Heres the general idea:
The development of a concise image descriptor suitable for long-term storage. It should be robust enough for fast comparison using a distance metric - like euclidean distance. This metric should preserve small distances for perceptually similar images, while keeping wholely unique images far enough apart.
Provide some fresh insight into the topology of these models feature vectors. Together with the right kind of indexing structure, we should be able to retrieve all nearest neighbors of a given image and get a good visual indication for what similar means in terms of the models feature vector. We will use the MobilenetV2 neural net for all our work, but all the code is easy to modify to explore other models.
Develop a testing framework to evaluate these descriptors for this application. This framework can be used to test the descriptors as well as the feature vector itself. In this way, we will be able to see just where the descriptors lose the ability to discriminate between images as well as compare the effectiveness of the new descriptors.
All code can be found in the github repository here: View On GitHub
We need a framework to test all our models. First, we start with a corpus of natural images. This is separate from the training set to be used to train the additional layers. It is strictly for evaluating the efficiency of our descriptors in representing images. For now, no specific type of images are selected. Just a random collection of natural images.
Next, we distort each image in multiple ways: gaussian blurr, additive noise, crop, occluded with text overlay, compression, rotation, horizontal and verticle flip, shear affine transformation, resize, histogram equalization, etc.
Heres the script for how to prepare this test set of data: preprocess_image_files.py
To establish what a normal distance is between arbitrary wholly dissimilar images, we draw random pairs from the original image set, extract its descriptors, and calculate the distances of all the pairs.
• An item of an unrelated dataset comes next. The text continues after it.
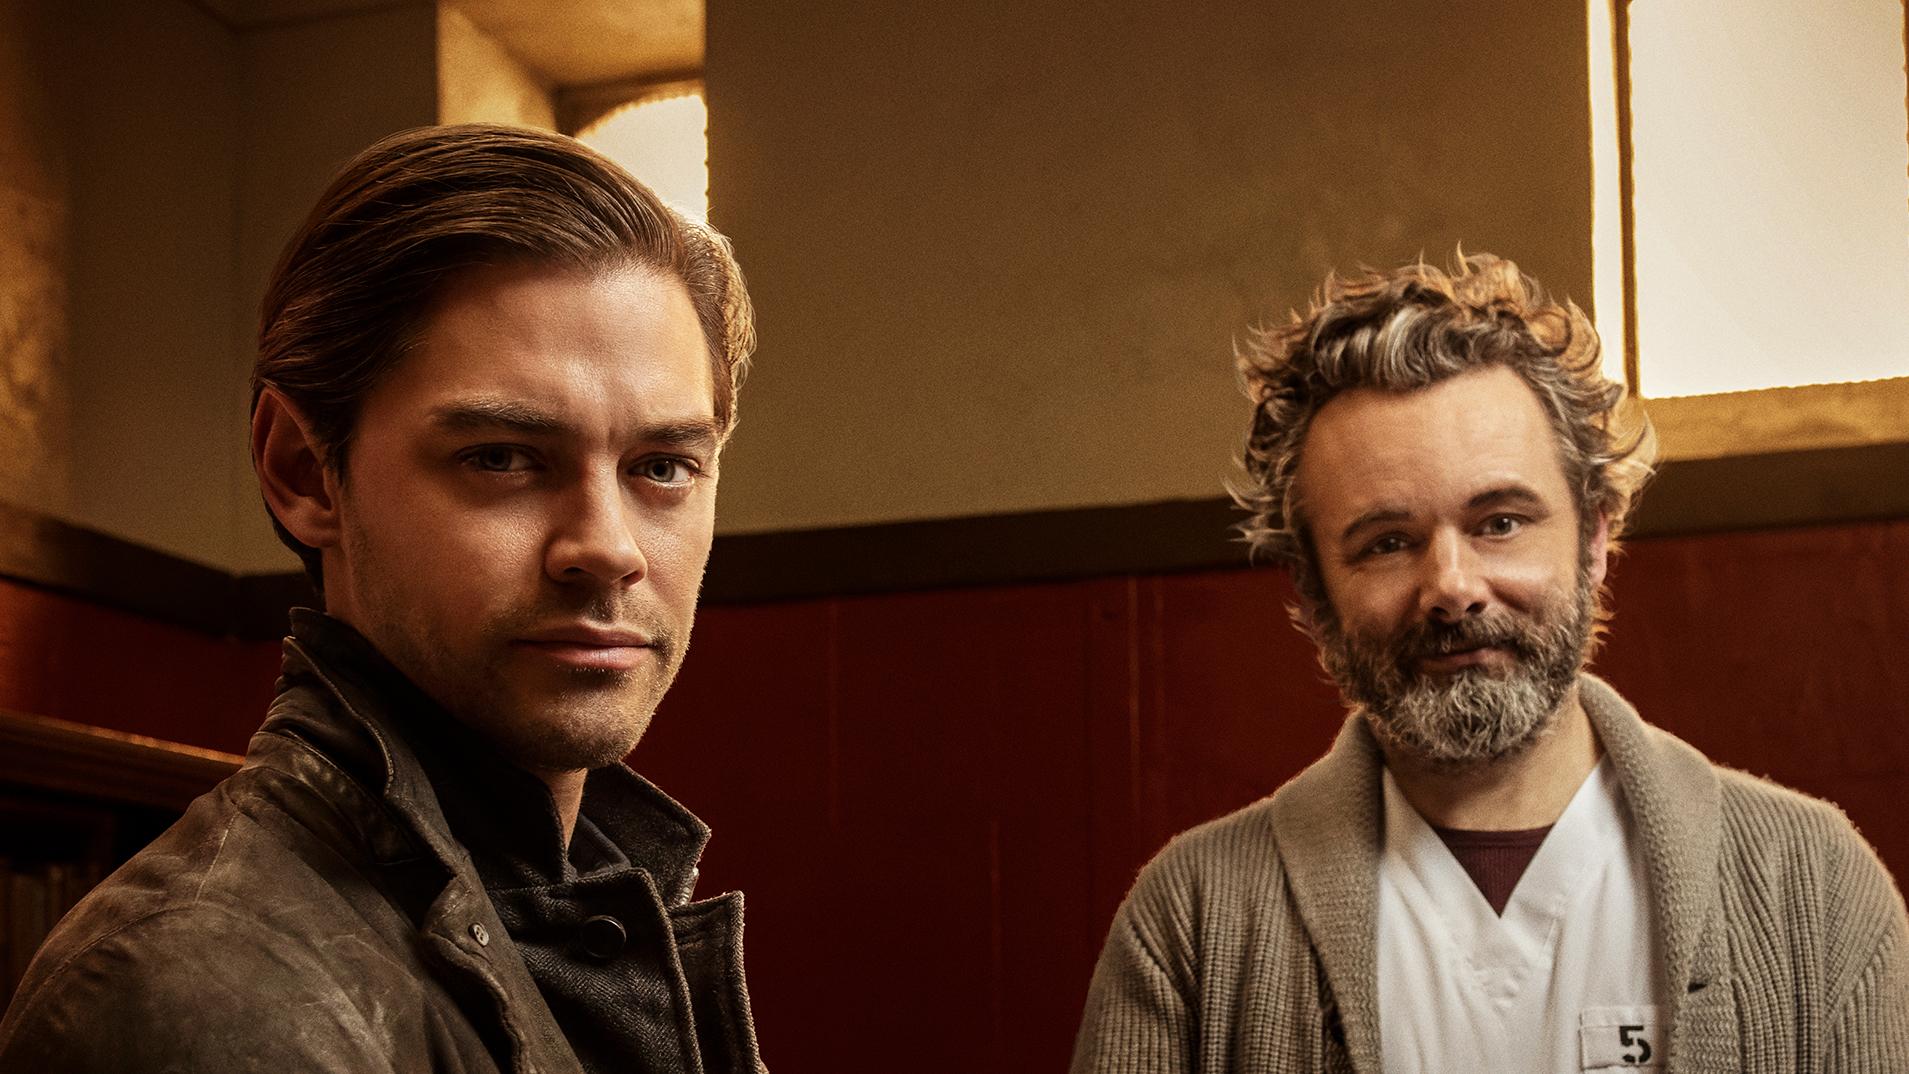 Prodigal Son renewed for Season 2

A histogram is then formed from which to draw statistics, like mean, $\mu$ and standard deviation, $\sigma$. We set two thresholds:
$T_1$ = $\mu$ - 2$\sigma$ $T_2$ = $\mu$ - 1$\sigma$
These thresholds will be used to evaluate our similar distance comparisons.
For each distortion class, distances are measured between original images and their distorted counterparts. A histogram for each original/distorted class comparison is then formed and displayed next to the above histogram of arbitrary image pairs. Ideally, the peaks of the two histograms should stand far apart and give a good visual separation. The histogram of similar distances should markedly less than the histogram for dissimilar distances. This should give us a good visual clue as to how well the descriptor performs for our application.
Heres an example of a histogram from one such test run:
As a quick way to compare different models without getting confused by a multitude of histograms, we will take the percentage of distances that fall above each threshold. The closer to zero, the better. This can be readily put in tabular form for easy perusal.
To get an idea of how the models feature vector breaks down, we do a principle component analysis of the models feature space. This can be done by calculating the covariance matrix for the feature vectors calculated from a set of images - resulting in a [1792x1792] matrix. The covariance matrix is a way of measuring the cross correlations between the components of the feature vector. A SVD Decomposition of the covariance matrix will gives us the leading eigen vectors and their corresponding eigen values of the feature space - in descending order.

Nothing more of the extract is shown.